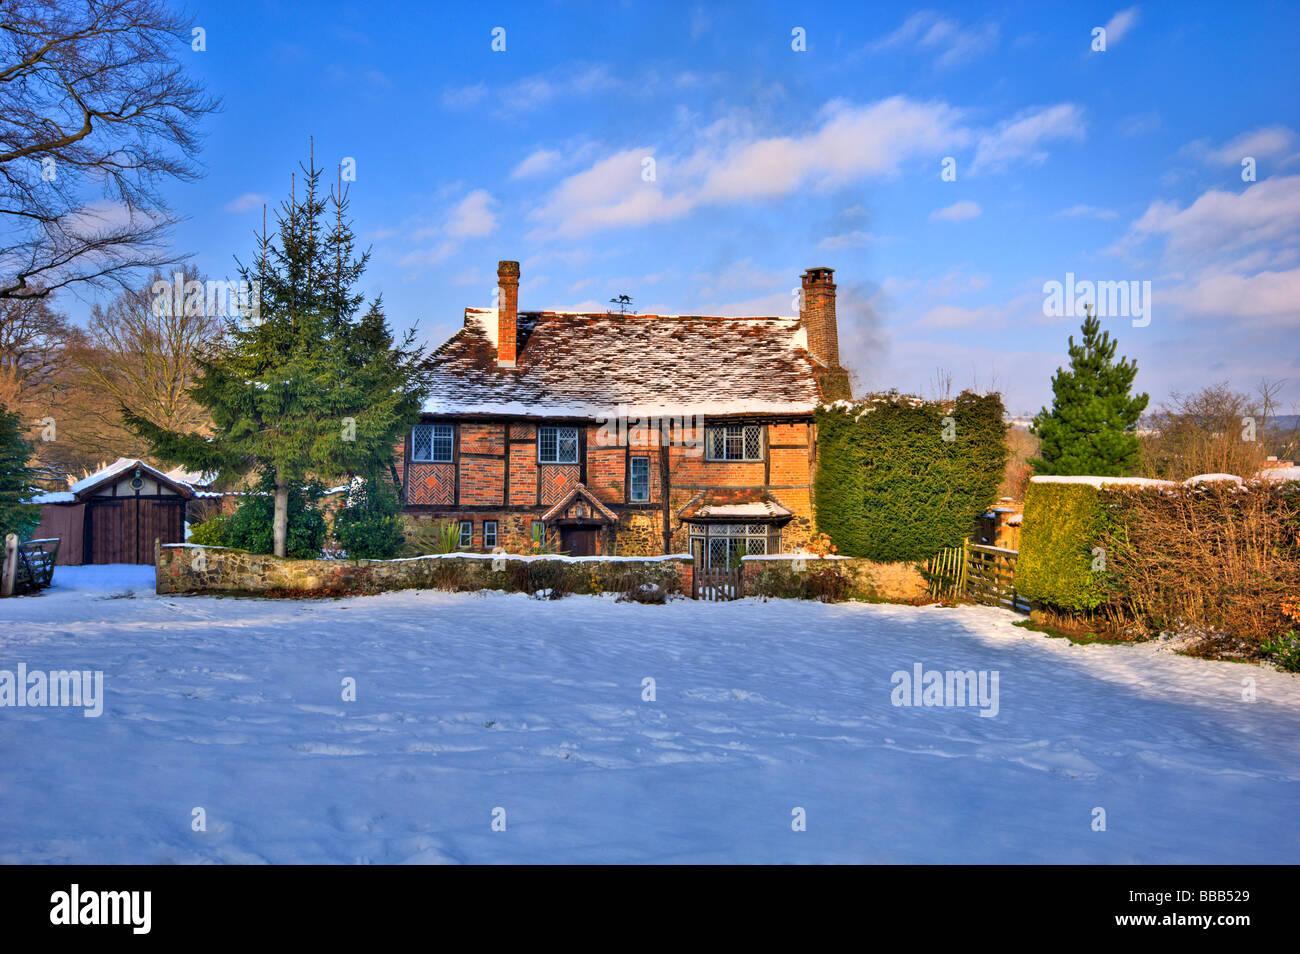 old tudor style house westerham england uk winter - Stock Image
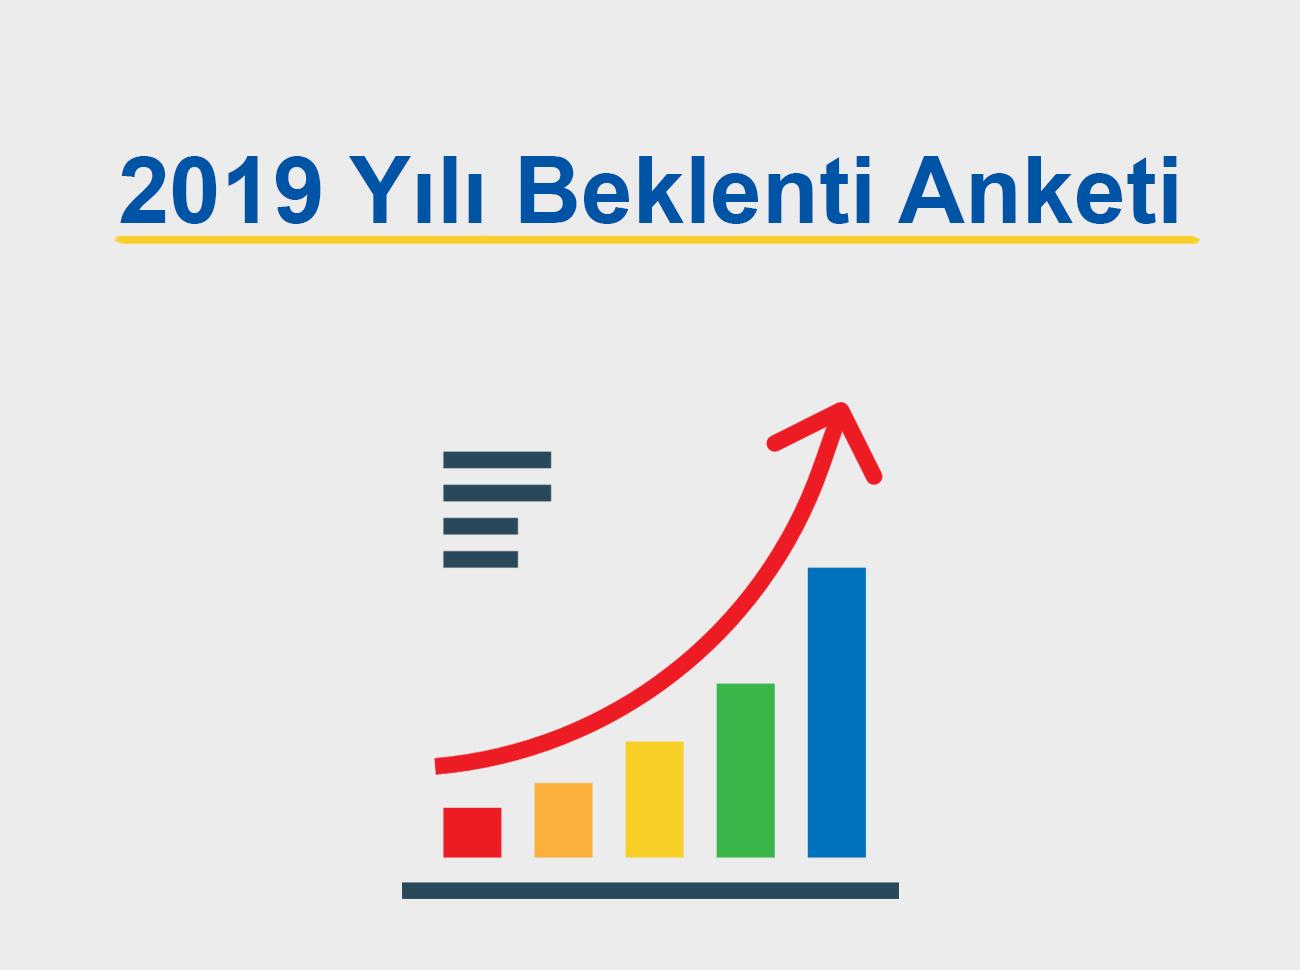 2019 Yılı Beklenti Anketi Sonuçlandı
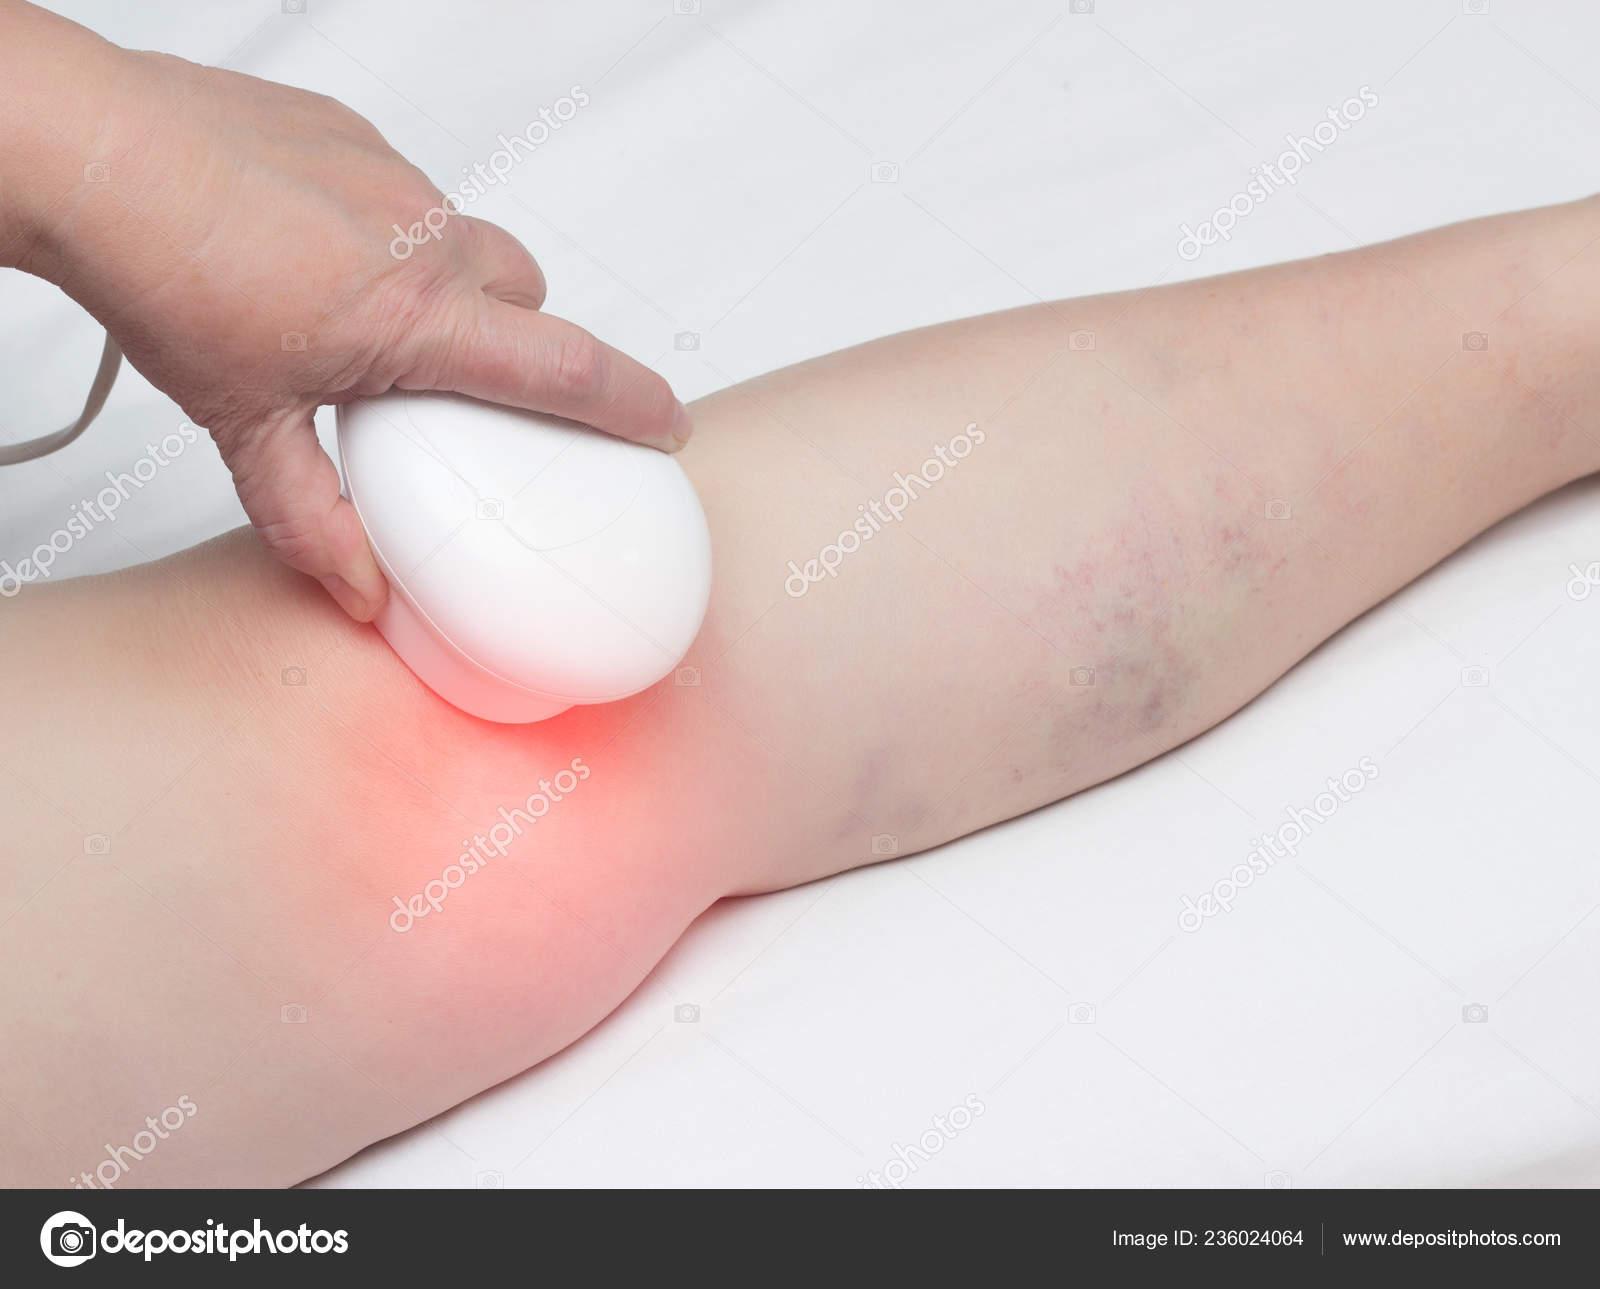 Hogyan lehet enyhíteni a hüvelykujj ízületének fájdalmát

→ ACTIVITY
Repeat, exactly and only, the lines from the one containing "2019 Yılı Beklenti Anketi Sonuçlandı" through the final line of the data, both ends included, leaving out any picture.

→ ANSWER TO THIS EXERCISE
 2019 Yılı Beklenti Anketi Sonuçlandı
 Hogyan lehet enyhíteni a hüvelykujj ízületének fájdalmát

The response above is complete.